Executive Director’s Letter

Urban farming?
It was not long ago that this phrase would have been regarded as an oxymoron. Urban gardening, on the other hand, has a long and treasured place in cities, including Cleveland. In fact, our Foundation’s 1996 annual report featured a photo essay on the urban gardens that each summer festoon our neighborhoods. This year, we widen the photographic lens to embrace that more expansive expression of city agriculture – the urban farm.

Cleveland neighborhoods have abundant vacant land, the result of many damaging forces in recent decades. But creative urbanists saw the verdant potential in that land. Cleveland Neighborhood Progress, Kent State University’s Cleveland Urban Design Collaborative and the Cleveland City Planning Commission spearheaded creative thinking about that land with a program called Re-Imagining a More Sustainable Cleveland. Cleveland became the nation’s first city to adopt an urban agriculture overlay district in its zoning code. This work helped jump start the urban farming boom, putting vacant land back into productive use, and the city now has 55 farms, a threefold increase in the past five years.

Farms create a sense of community in their neighborhoods.

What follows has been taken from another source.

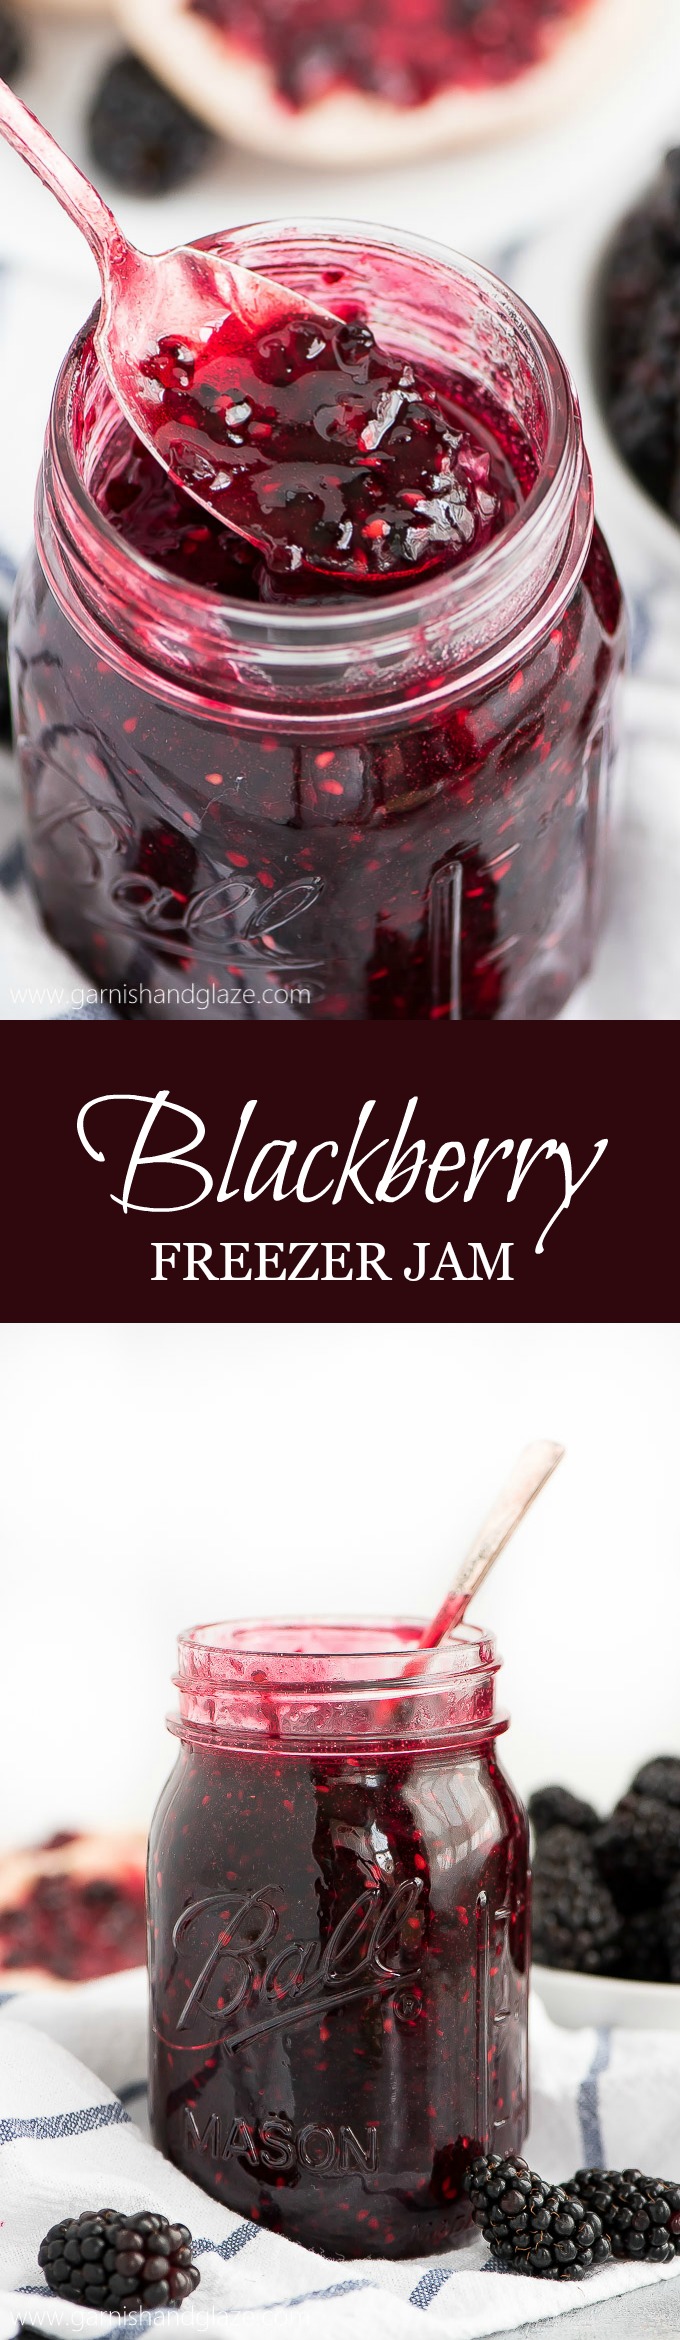 Bottle up those gorgeous dark summer berries in this simple 5-Ingredient Blackberry Freezer Jam. Spread it over everything from toast to cake!

For some parcels, farming was conceived as a transitional use. But the benefits of farming have proven to be so overwhelming that any effort to repurpose many farms, including the three that are visually captured in this annual report, would certainly meet stiff resistance. The George Gund Foundation’s support for the urban farming movement in Cleveland has its roots in many of the values that animate our work, and they are captured in these additional ways that city farming pays off:

  • Agriculture puts people to work. Some of those who are tilling city soil might have difficulty finding jobs. This includes the new immigrants who work at the Ohio City Farm under the sponsorship of The Refugee Response and the clients of the Cuyahoga County Board of Developmental Disabilities who operate the Stanard Farm on Cleveland’s east side. Both of these farms are portrayed in the photography in this year’s annual report.
  • It puts a dent in food deserts. As money and people have sprawled out in our region, many inner city neighborhoods have been left without easy access to fresh, healthy foods. Some estimate that obstacle faces more than half of the city’s residents. Farms are helping Cleveland achieve the goal set by City Council that every resident lives within a quarter mile of a community garden or farm.
  • We all benefit from a smaller carbon footprint. When food is grown locally, it not only is fresher and tastier but also means that it does not have to be shipped from some place across the country or beyond. That helps curb the use of fossil fuels. Many local restaurants are embracing this cause by purchasing fruits and vegetables from Cleveland farms. In addition, land used for farming also absorbs storm water, diverting it from our aged sewer system.
  • Farms create a sense of community in their neighborhoods. Farming is not just about the crop harvest. Many farms in the city also have festivals and events, farm stands for the sale of produce, educational programs, training sessions and more.

This unexpected bounty from urban farming should make all of us with a stake in Northeast Ohio consider it afresh, as I hope Greg Miller’s striking photographs do. One of his subjects is Rid-All Green Partnership, which creatively interconnects food, art and education on a three-acre site on the southeast side. At Rid-All, fish farming is also part of the mix. Tilapias grow in tanks next to greenhouses nurturing tomatoes, watercress and kale. And the mission transcends the crops and food, as it does at every urban farm. Keymah Durden, a cofounder of Rid-All, told Edible Cleveland, that Rid-All's work is actually a “mission to transform the city of Cleveland.”

That is a major part of our mission too, and it humbles us to observe and, where we can, to support the inspiring farmers in our midst.